Wednesday, November 28, 2007

The Perfect Storm

The mortgage market is hurting, real estate is down, oil is near historic highs, the stock market is volatile, troop levels in Iraq are as high as they've been since the start of the war, consumer confidence is low. The stage is set.....for an economic rebound of monumental proportions.

Given all of the factors listed above, the economy is growing at around 4%, unemployment is around 5%, mortgage rates are historically low, the stock market is still near an all time high, the surge is working and consumers say they're not confident while they continue to spend. If this is a low point in the current economic cycle, it's got to be among the highest of low points in recorded history.

Fortunately, the United States is still a relatively free market. Free markets make adjustments on the fly. The mortgage market will correct, real estate will come back, energy (oil or no oil) will be had. Troop levels will decrease and consumer confidence has become irrelevant as it is more a reaction to what people see on the news than a prediction of what they'll do.

Let's take them one at a time. Mortgage companies don't make money by not selling product. They got sloppy and they're now paying the price. CEO's who don't recognize and correct problems in their business model soon become former CEO's. The model will be fixed because there is no alternative.

Real estate prices are coming down. It's a buyers market. Prices are coming down because fewer people are qualifying for loans. Demand is still there. Houses for sale will be converted to houses for rent. Consumers will adjust to higher standards for borrowing and prepare accordingly. Builders will incorporated new materials and techniques to make homes more affordable.

New technologies in energy are becoming more and more competitive with oil. Back in the 70's there was optimism for alternative fuels, but it never panned out. Oil got cheap again and many alternatives were shelved by investors. The focus is different this time around. First, many of the technologies show the potential to compete on price with fossil fuels in the very near future if not already. Second, the emphasis this time is not on curbing energy use, but on using different energy. Lower emissions is a strong motivator as is national security. Jay Leno also recently disclosed another motivation. He outfitted his very large garage with a wind generator and expressed satisfaction with being able to use "home-made" energy. Just as home-made pie tastes better somehow, home-made energy just feels better than energy taken from the grid.

The stock market has been all over the board recently, but is still within 10% of an all time high. The worries are short-term. The long term view is for good times ahead.

The situation in Iraq has improved dramatically. The strategy of securing neighborhoods rather than chasing bad guys is working. The politicians still need to come around, but the movement is working from the ground up. Troop levels will come down over the next year which will bring down federal expenditures, increase demand for housing and generally boost consumer morale.

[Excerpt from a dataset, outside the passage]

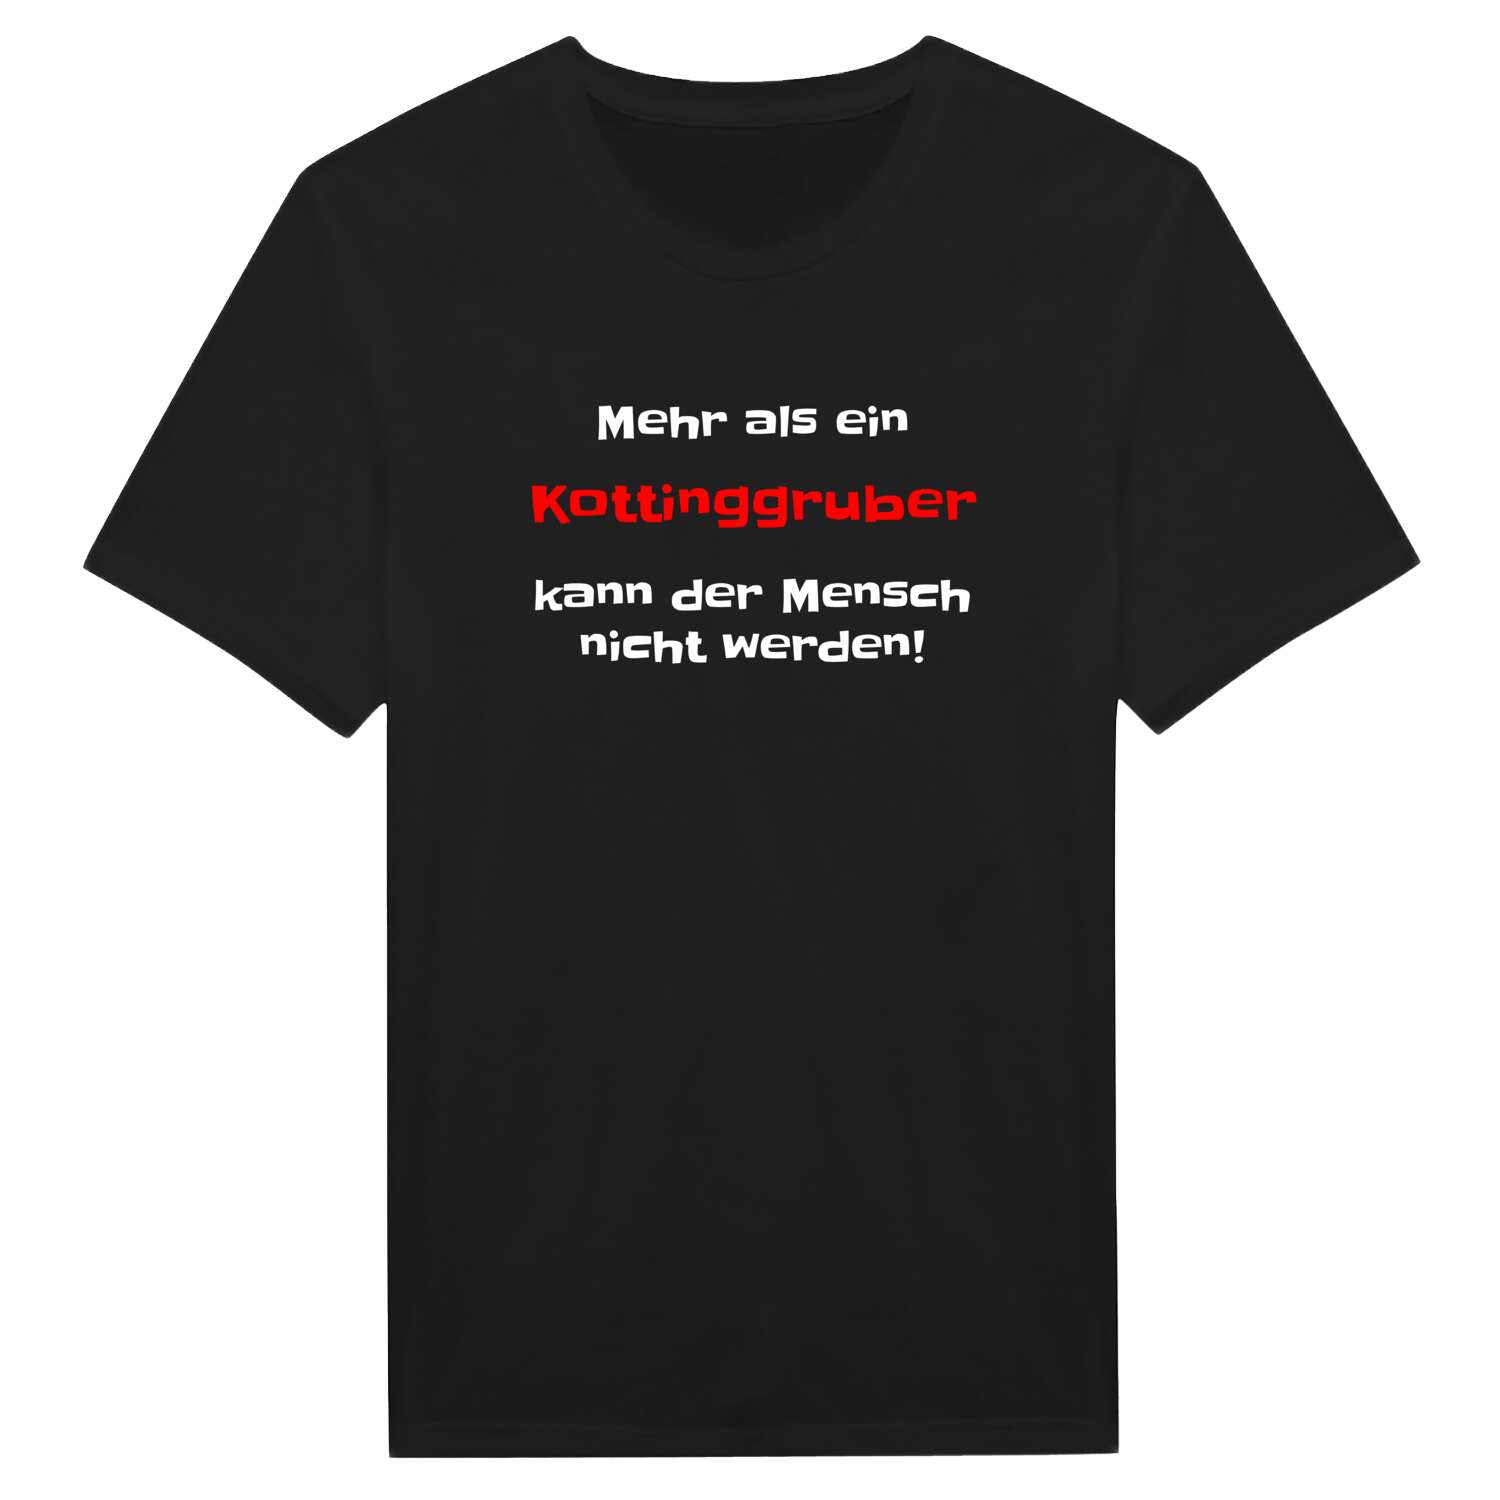 Kottinggrub T-Shirt »Mehr als ein«

Consumer confidence has been waning for several months. This has not translated in any significant slow down in consumer activity. It seems people are answering surveys based on their perception of reports on the news and not based on their own reality. Bad news sells, so it will always top the headlines. Reporters always look for the "what if?" that would lead to the worst scenario. I remember asking a friend who commented once about the "runaway crime wave" in the country, "When was the last time you actually had to dodge a bullet?". The situation in his mind was not borne out in reality.

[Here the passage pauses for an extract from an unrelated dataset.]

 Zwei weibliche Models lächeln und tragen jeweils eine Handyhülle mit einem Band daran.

We have a unique situation right now in that several sectors and situations affecting the economy are poised for significant improvement at the same time. There is a convergence of technological and economic advancement going on around the world as information exchange continues to grow. Changes and adjustments take place faster than ever before. Betting on failure takes no imagination. Hunkering down is not a growth strategy. Be prepared for the opportunities ahead rather than bracing for the pitfalls.